▶ ACTION ITEM:
The answer is the line with "Pivoting and locking" and every line after it to the end of the listing, retyped exactly. Pictures do not belong in it.

(Beginning of DATA)

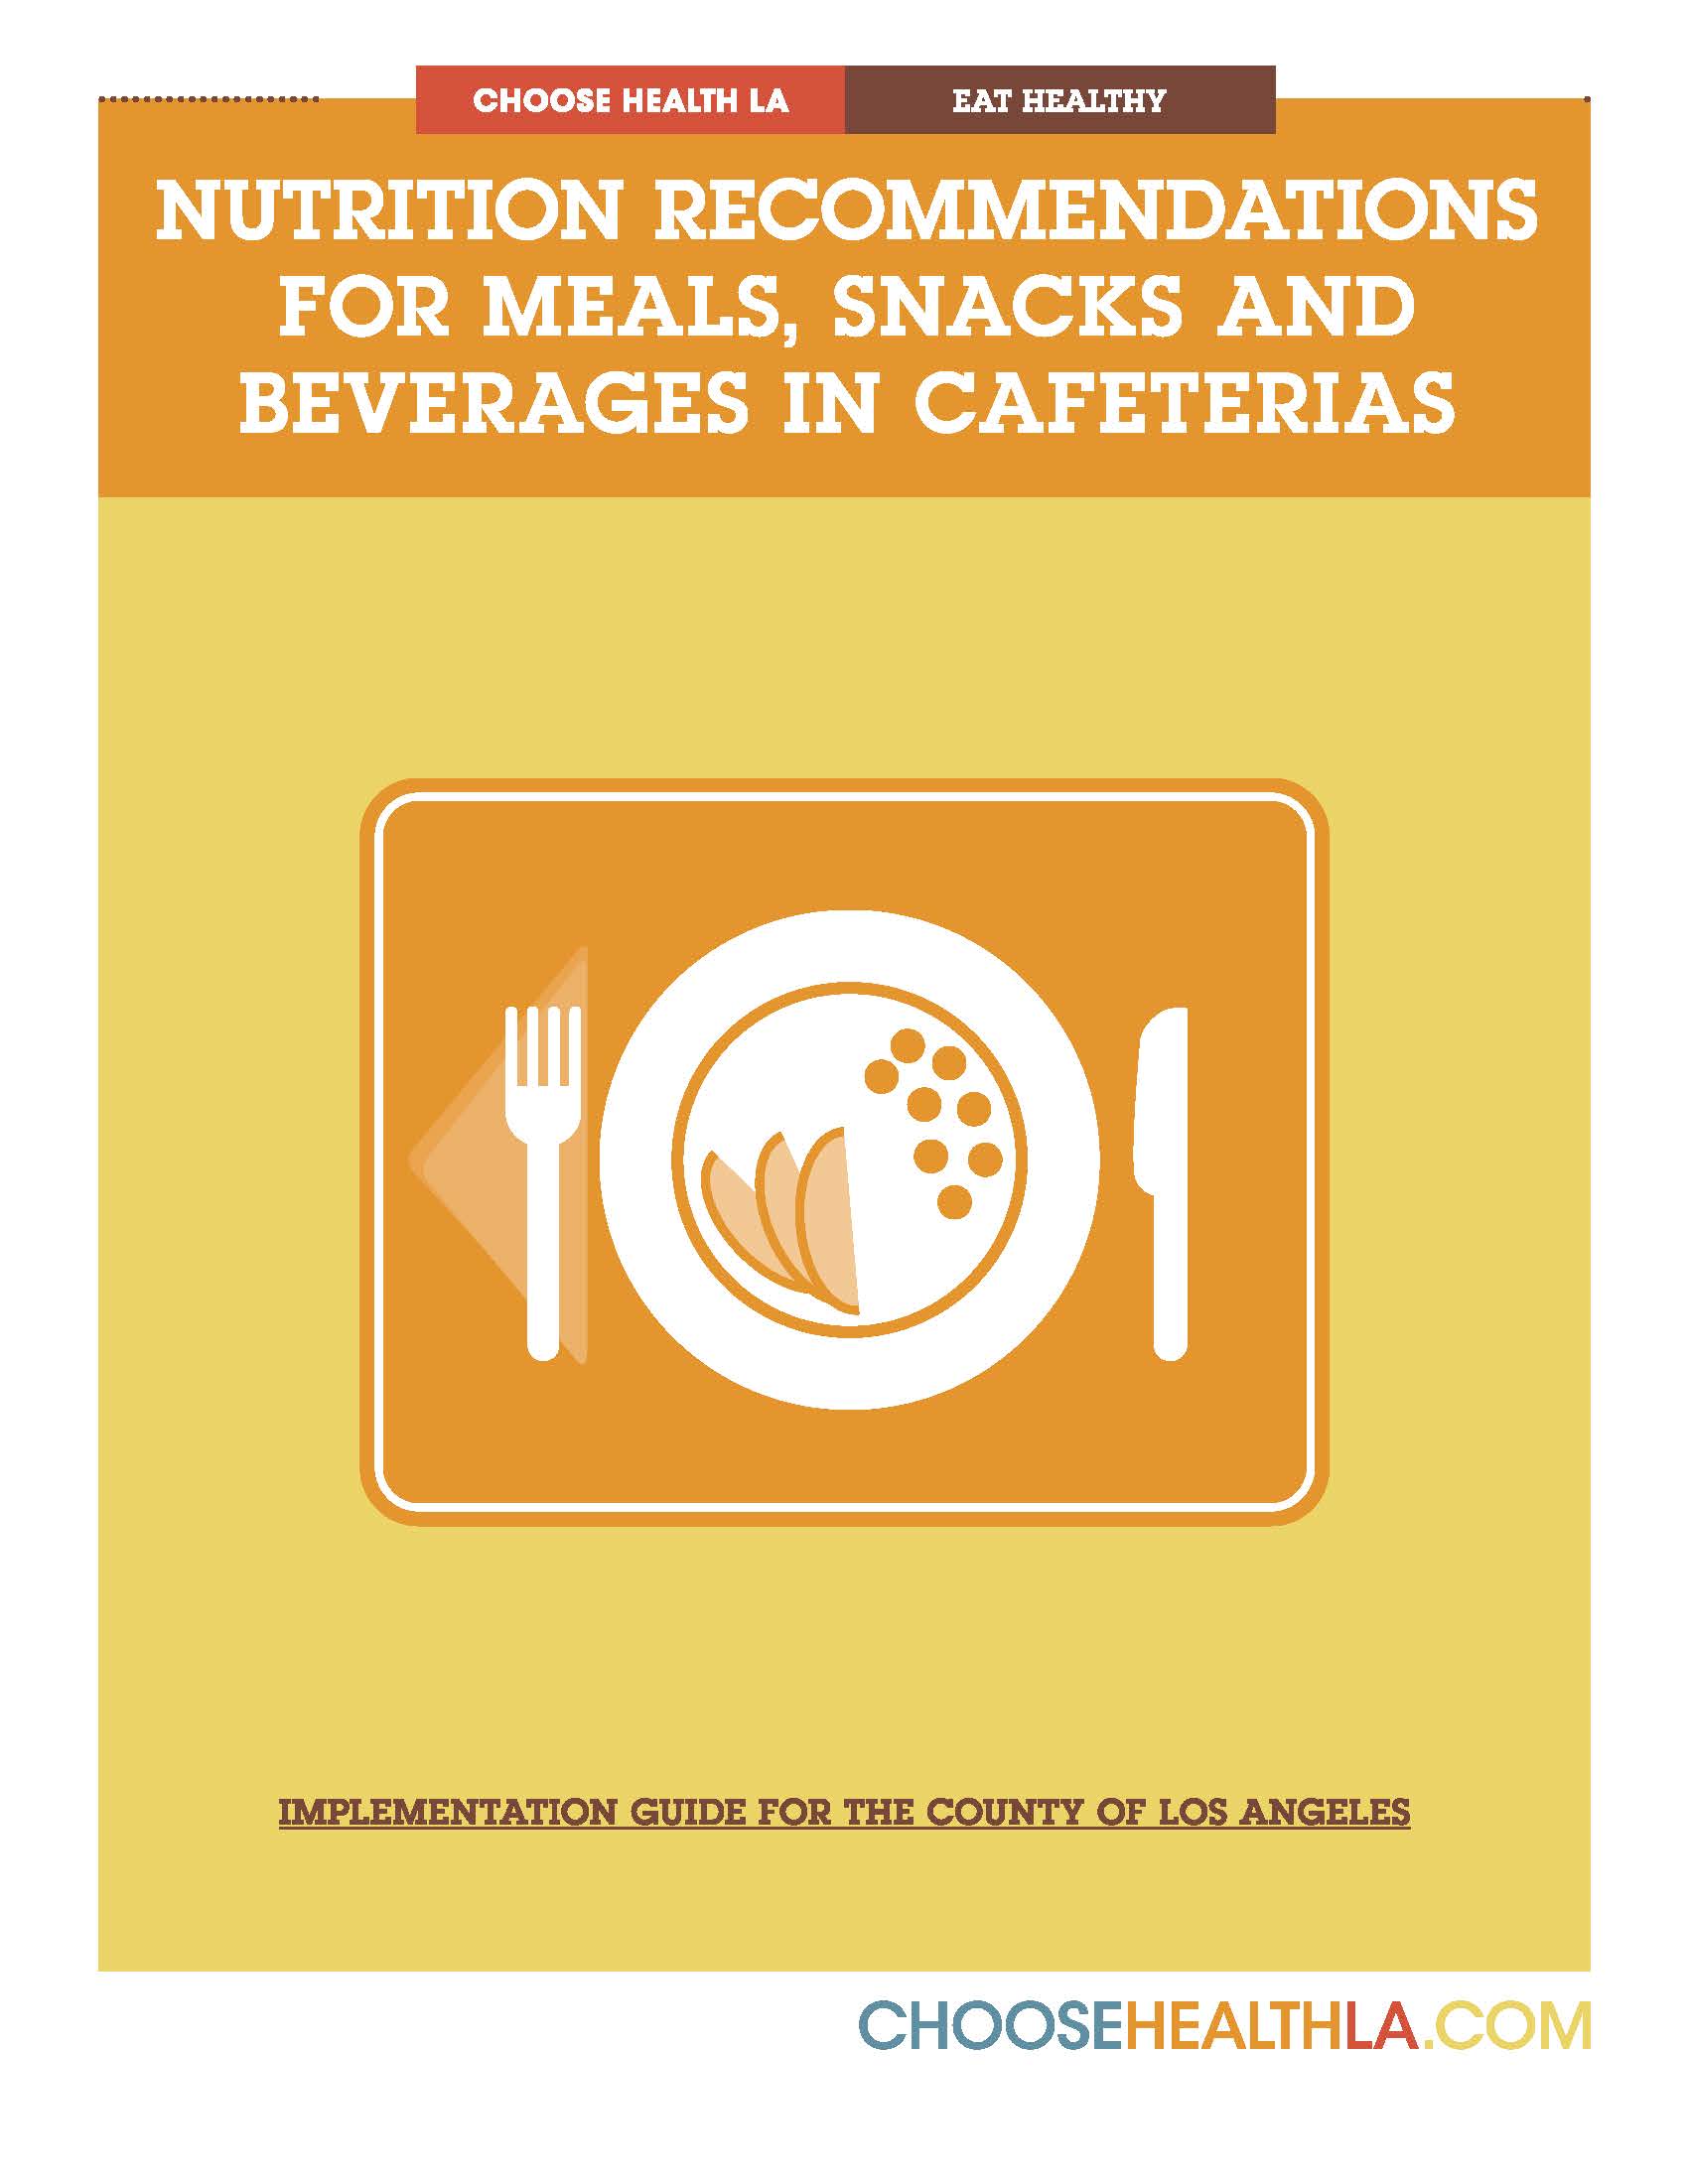 Nutrition Recommendations for Meals, Snacks, and Beverages in Cafeterias
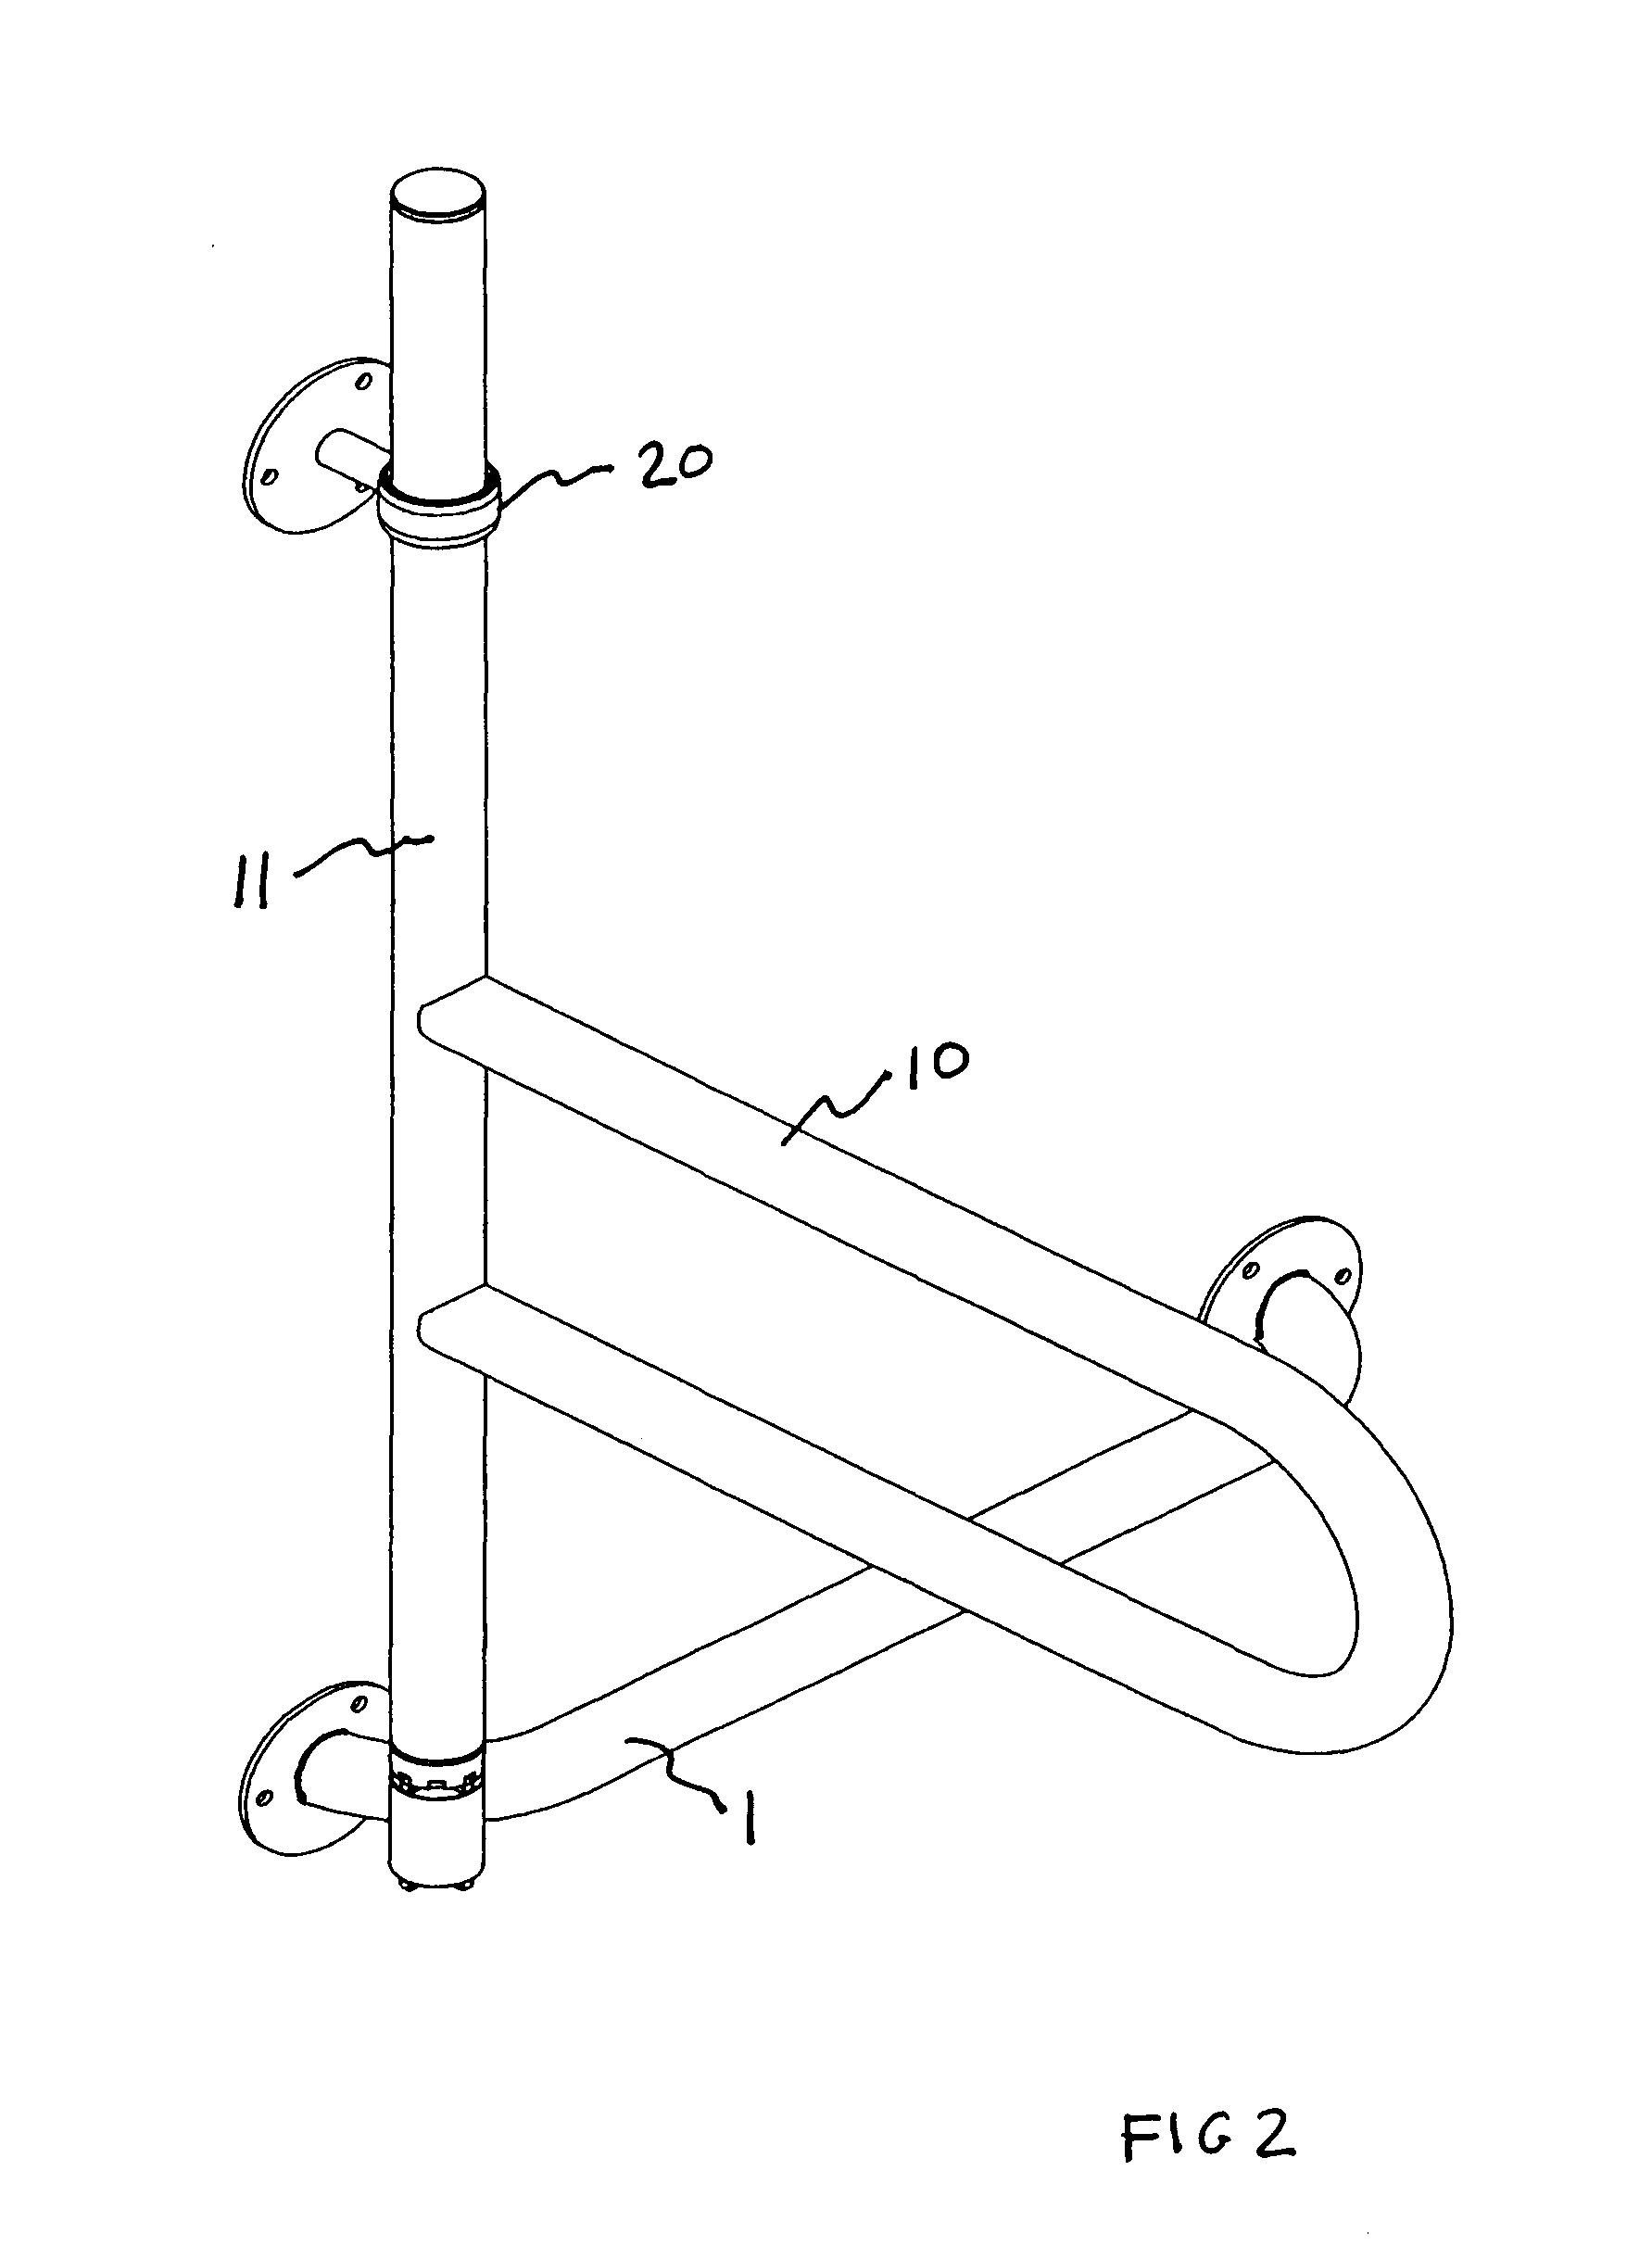 Pivoting and locking wall mounted support rail for elderly and disabled persons
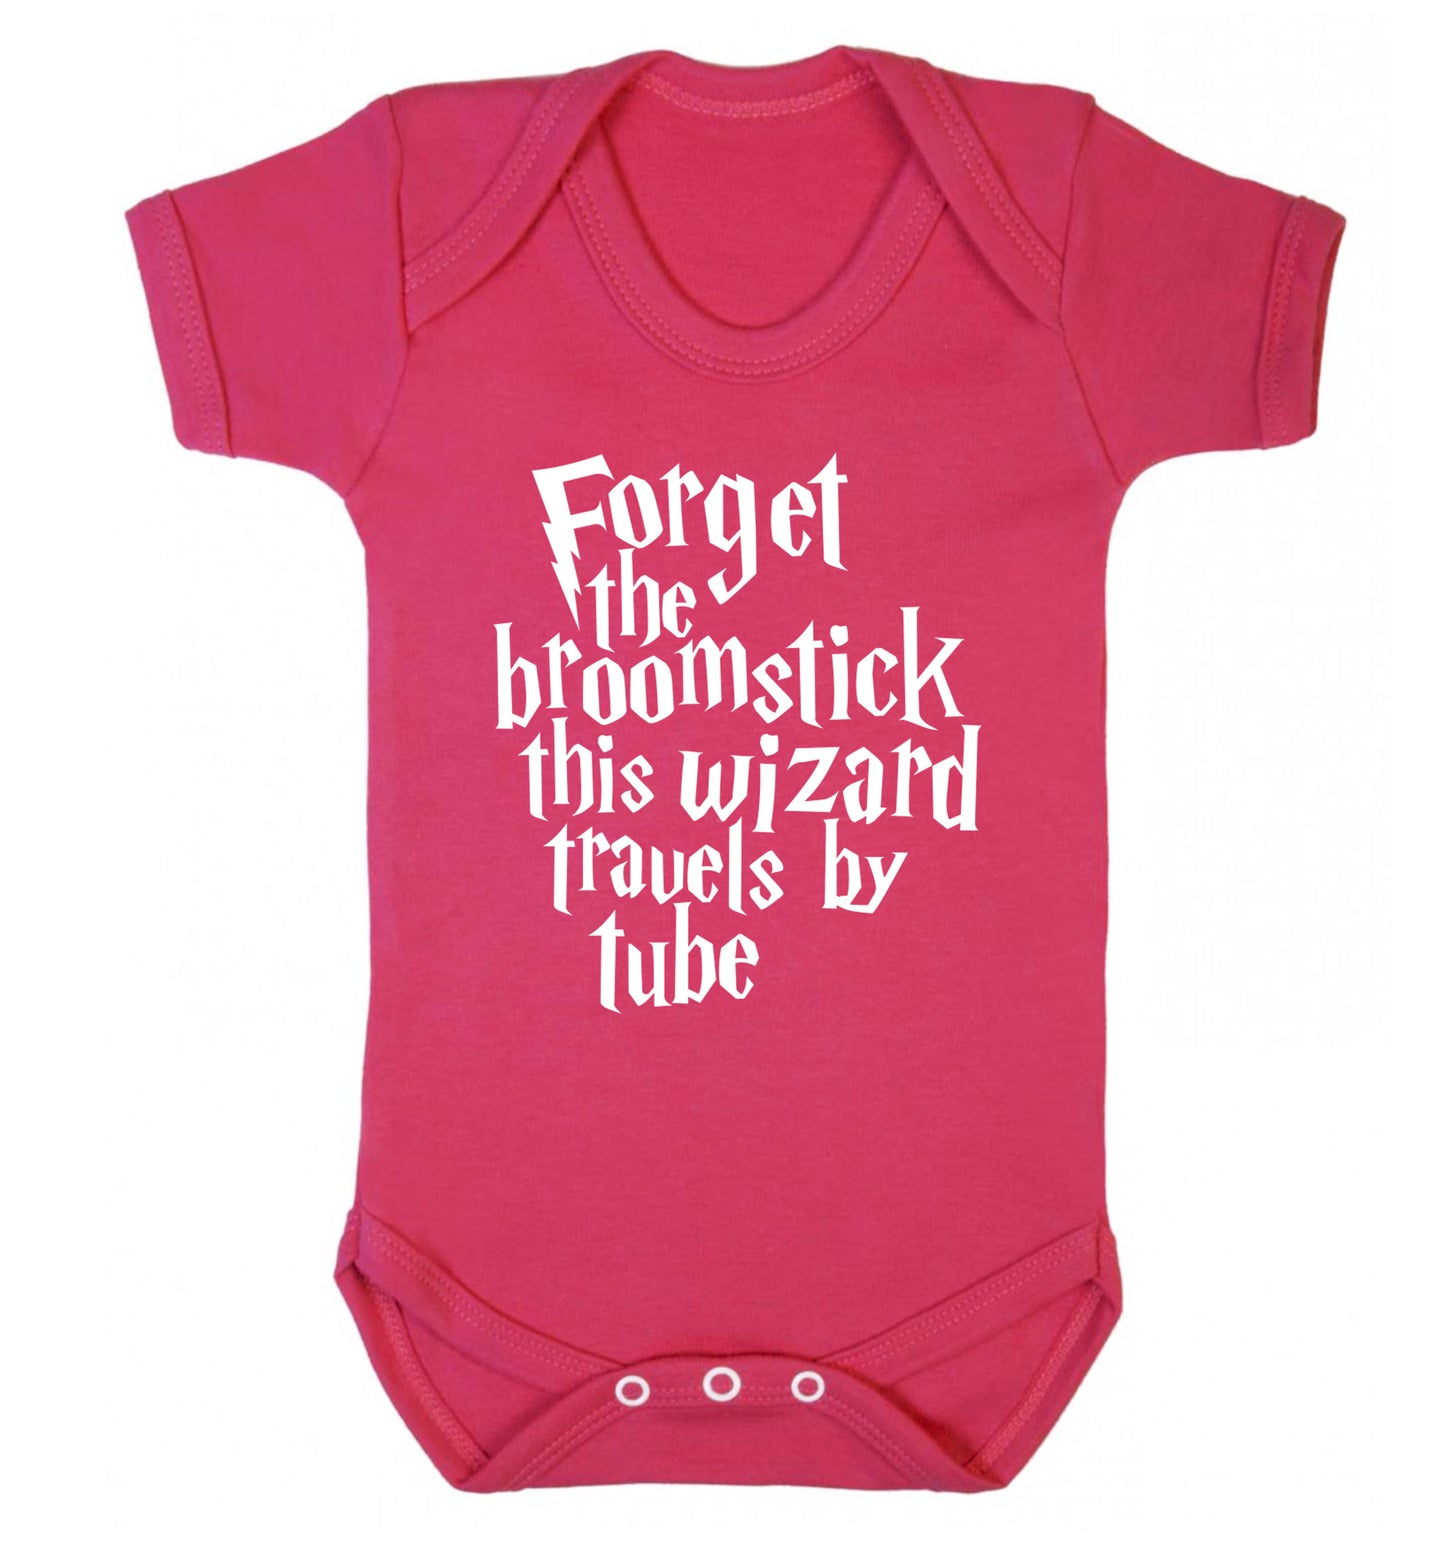 Forget the broomstick this wizard travels by tube Baby Vest dark pink 18-24 months

(End of DATA)

▶ RESULT OF THIS TASK:
 Pivoting and locking wall mounted support rail for elderly and disabled persons
 Forget the broomstick this wizard travels by tube Baby Vest dark pink 18-24 months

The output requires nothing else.